My name is Henry Matthews and I am from Auckland. So I've been playing wheelchair rugby for... twenty five years now.

[Music volume rises]

[Music volume fades to background level]

How did I start? I... Just from a guy through...Through the um... spinal unit. You know, he says come along and have a go and I was... Went up and had a look, I was in my bed and looked at him and said, you're crazy, that's why I was like, you crazy guys, you know.

[Music volume rises]

[Music volume fades to background level]

The things they were doing was unbelievable. You know the, um, as in the... these guys smashing each other, falling out of chairs and... these guys were crazy I was going like, you've broken your necks, mate, why would you go and smash yourself around like that?

[Music stops]

I dunno, I just think, yeah that's the game, that's the game for me.

[Fast, upbeat music playing]

It's a game mixed in with ice hockey, um, ah, basketball, grid iron and handball.

So um, yeah, it's been invented by the Canadian veterans… who just picked up the ball and started throwing it around and everyone started crashing into each other and... oh, let's call this game murder ball!

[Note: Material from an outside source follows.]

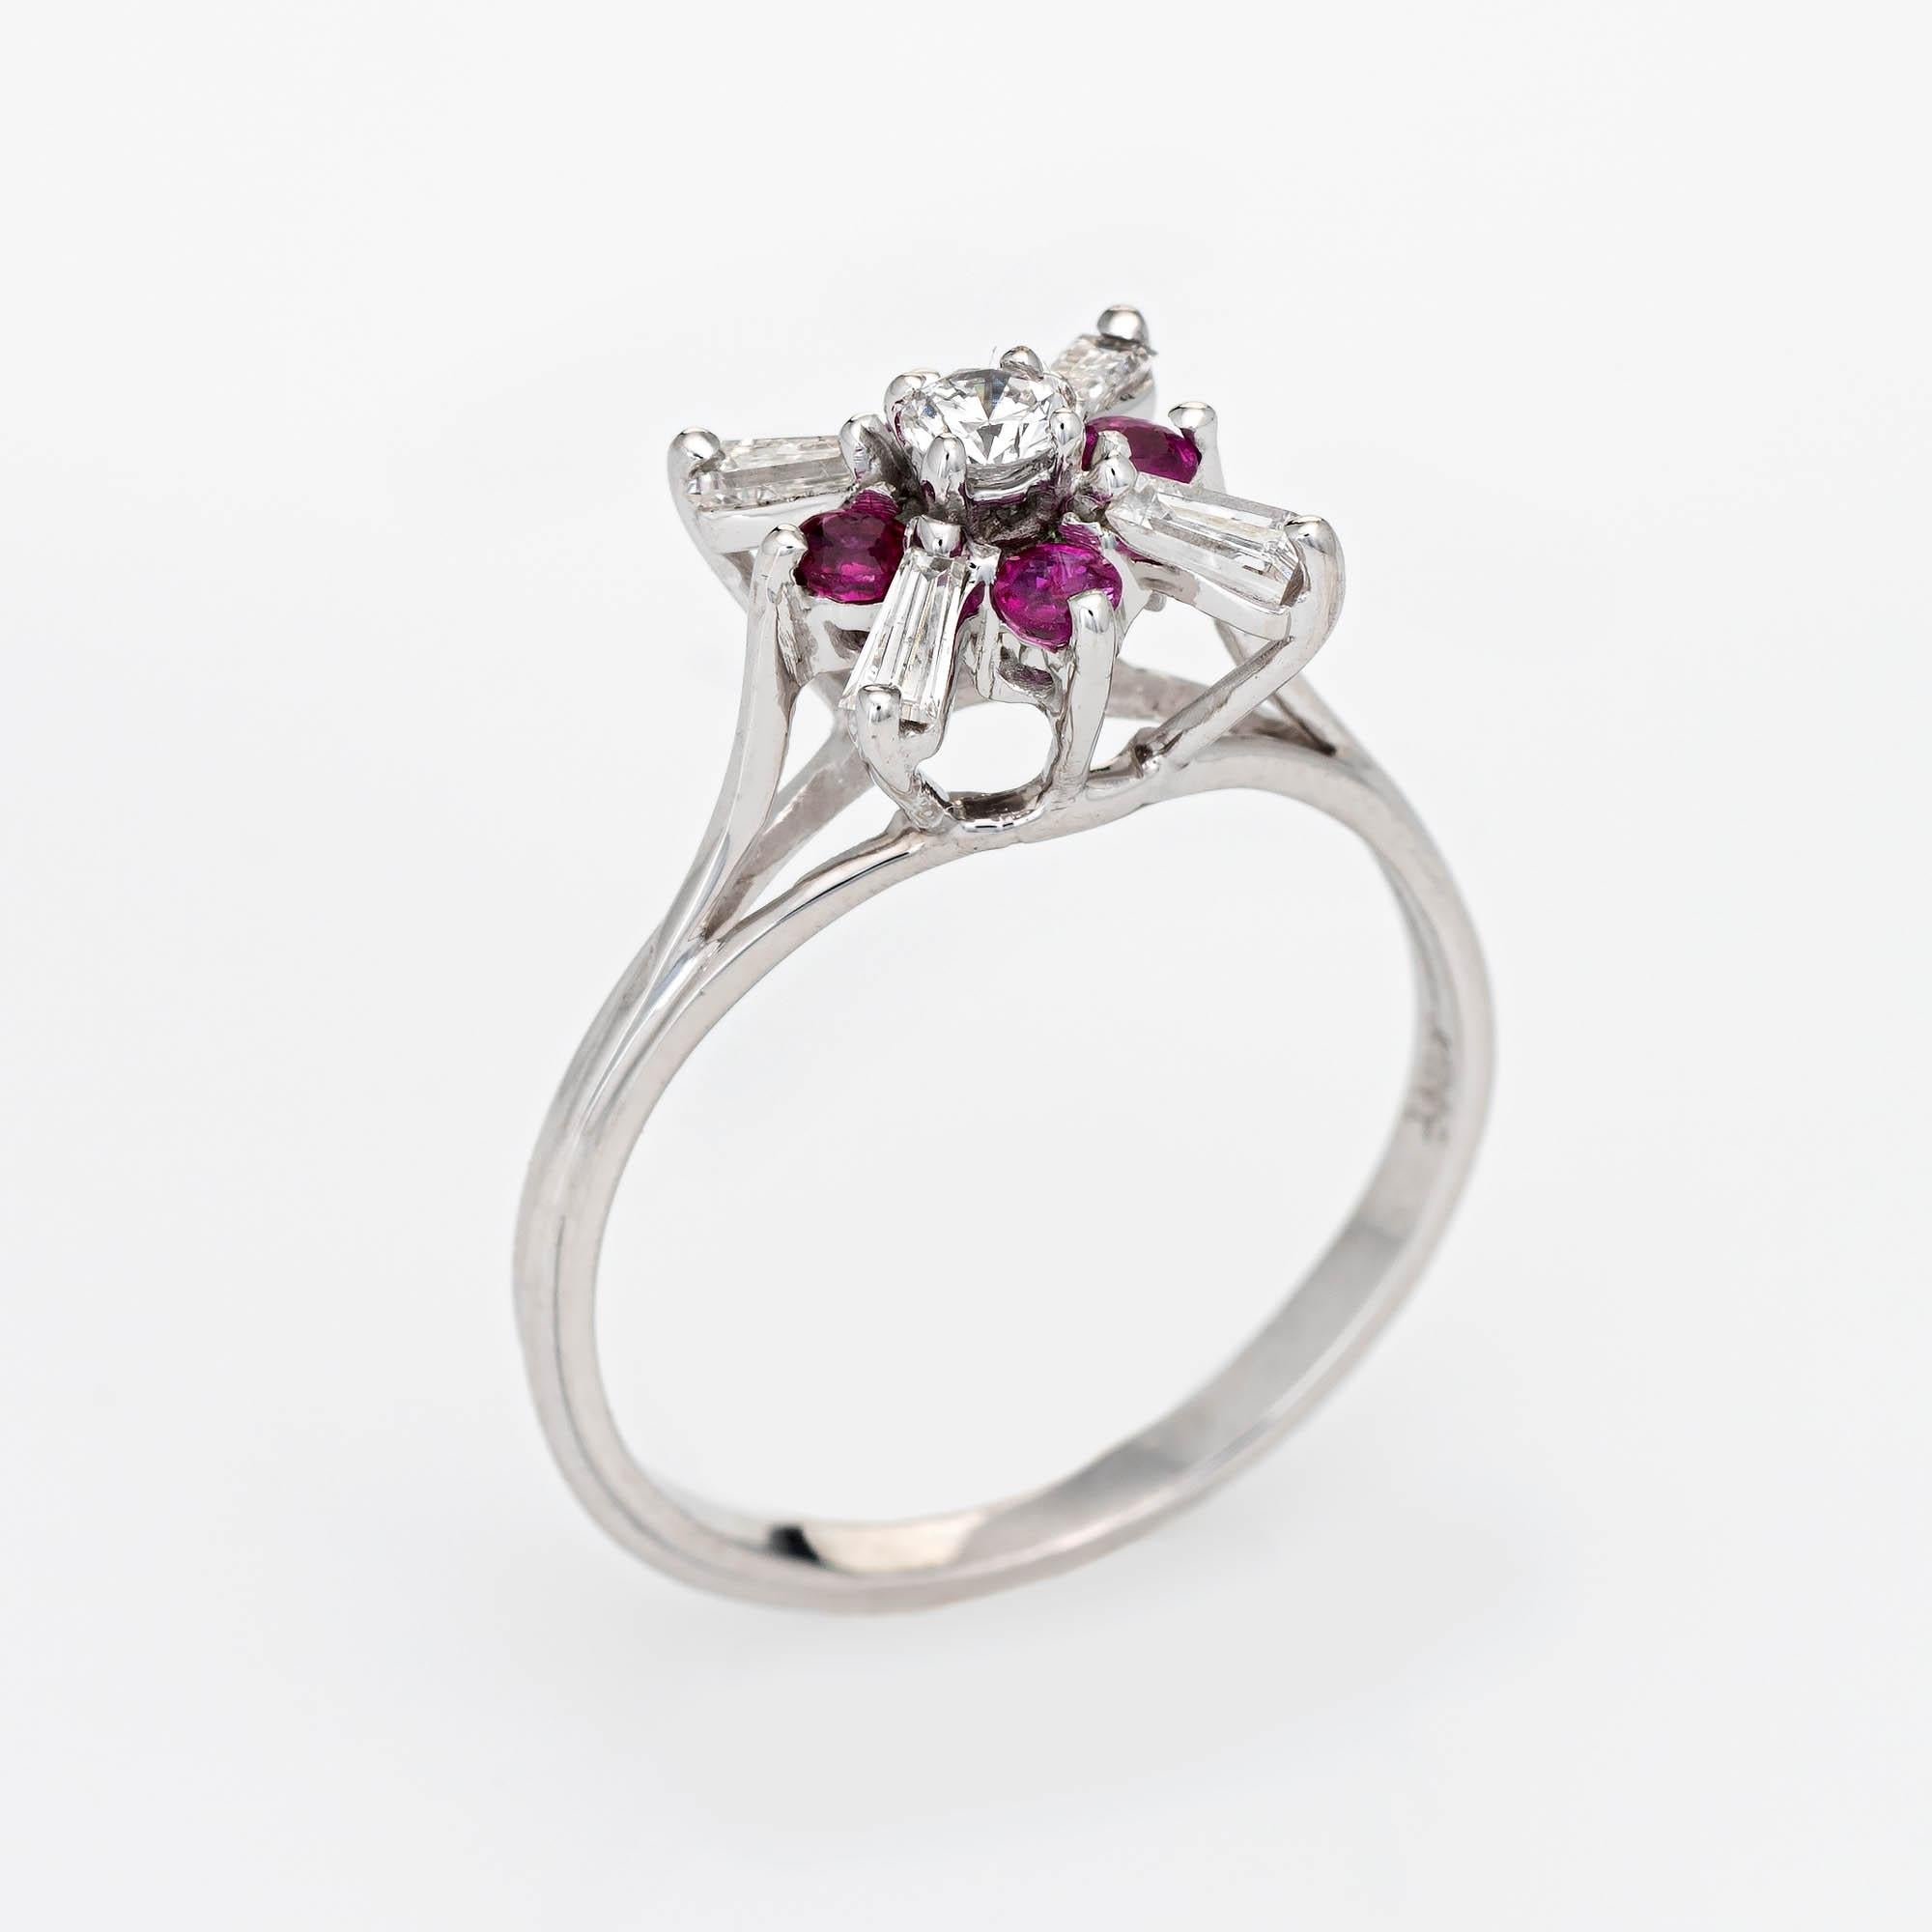 Stylish vintage diamond & ruby cocktail ring crafted in 18 karat white gold. 

Tapered baguette cut diamonds and one round brilliant cut diamond total an estimated 0.66 carats (estimated at G-H color and VS2-SI1 clarity). Four estimated 0.03 carat

You can have up to 12 people on a team but only… eight on a court, so four a side, and then subs is, like, ah, it's got to add up to eight points. Each person is graded on, um, muscle function… so it goes from a 3.5 is the highest, uh, grading, and the lowest grading from there down is the point-5 so, I'm classed as a point-5.

[Fast, upbeat music stops]

[Gentle music playing]

I had my accident when I was 18, up in Matauri Bay, ah diving off a rock and didn't check how deep the water was, ah, and broke my neck. I ended up AC four, five, six, ah incomplete break.

When I first ended up in wheelchair life was, took me two years to get, um used to my disability.

Was so hard, umm... didn't really wanna go out…  outdoors, just wanna stay inside. The first couple of years was denial. Why me? Um… Had a good job, and I was just on holidays [sigh] it's just um, yeah, I was in denial. No way. Like, I was fit, man. Love-loved my rugby, loved my league. And um, yeah, do something stupid is just… never thought I would, it would happen to me.

So, um, I had to learn to walk again, pretty much. To actually get up and, and um, you know, ah, actually get out there and try something and if it wasn't for a couple of guys, that, and ladies who come in and talk to ya, and say life is not over… unless you want it to be. Ah, and if it wasn't for them, I don't think I'd be here today.

The first two, the first year I was like what is going on here? Like, excuse me? Like, I'd go into a shop and ask for something and inst-… I'd have my caregiver with me… instead of asking me what I want they'll ask the caregiver, because they don't, they don't know what sort of disability I've got. They might think I've got a head injury or something. Yeah so those were the, sort of, the, ah barriers I had to overcome, a lot of them. Staring. A lot of staring. Aww, yeah. Just a lot of that and, like, when I was, before I had my accident I actually used to be scared of chairs I didn't, didn't know what to say so I know where they're coming from now

Interviewer: So what do you.. what do you say now to people that may feel like that?

Oh, I just say to them please, man, talk to them. Don't be afraid.

I met Sue at the, through the Spinal Unit and um, yeah, she, if it wasn't for her, um, yeah, I don't know where I'd be, yeah. Probably six feet under, I dunno. But, um, she's been, we've been married for 21 years now, and um, I've been in a chair for 28 years. So yeah, a lot of love there.

Um, I'd just like to say, um, you know to those out there that they're sitting at, in front of their TVs to get out and have a go at, at, uh, something they don't really know instead of staying inside watching all the good, good movies and that and um, get out and get some sunshine, go out and get proactive. Yeah there's plenty of time to sit in front of the TV.

So a lot of people that, in wheelchairs, you know they can do anything, if you put your mind to it.